What if we leveraged financial mechanisms, combining programs into a system that strengthens the scope and impact of public and private investment?
Imagine an improvement district encompassing several city blocks centered around a public project—a library, a park, or major streetscape improvements for example. When the City bonds for public projects, it could bond an additional 25% to provide low-interest construction loans specifically for projects within the district, with oversight from a board of supervisors. Then by incorporating TIF for the district, new developments paying into a TIF fund could help offset bond payments. After the bond is paid off and the TIF has matured, the district could convert to a business improvement district to provide cleaning, sanitation, and/or marketing services.

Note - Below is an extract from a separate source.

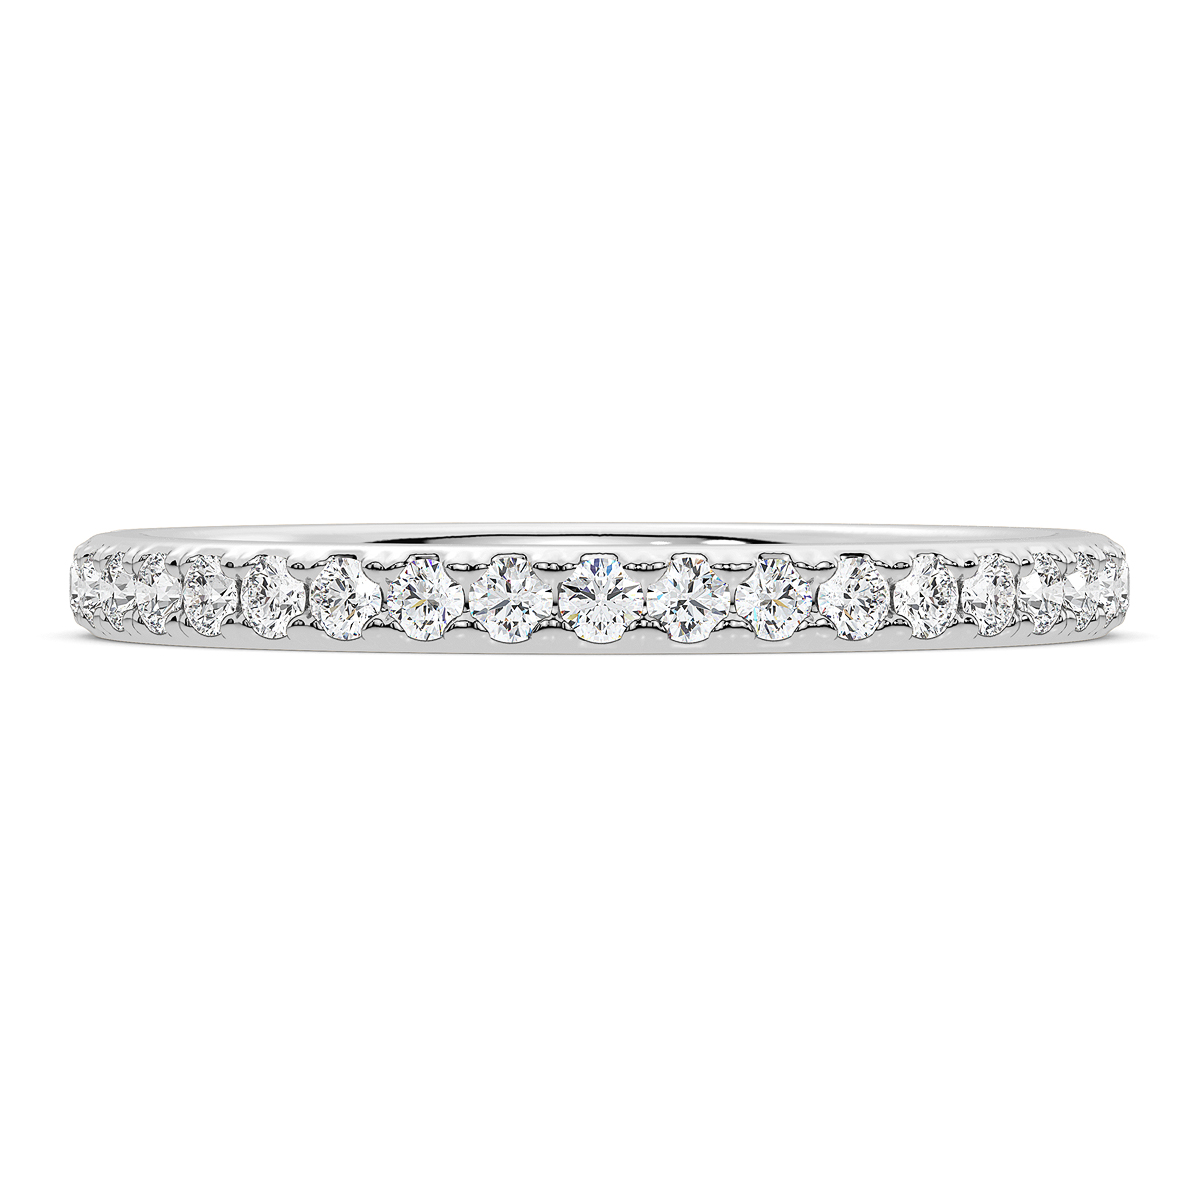 PROMESSA 950 Platinum Ring - 92335R | Chow Sang Sang Jewellery

The result? A virtuous cycle: public improvements that catalyze private investment, which in turn strengthens economic activity and the long-term tax base.
If a system like this existed a decade ago for the event center campus, would that area look different today? With good planning, I suspect it would. This is merely one example of how thinking differently about the economic development tools already in use could yield better results. I realize low-interest financing alone won’t solve the cost of construction, but by aligning incentives and lowering financing barriers, we could unlock growth for an area where the market alone struggles to make the math work.
Sioux Falls has a long history of bold projects and forward-thinking leadership. The next chapter may depend on whether we’re willing to innovate not just what we build—but how we make it possible.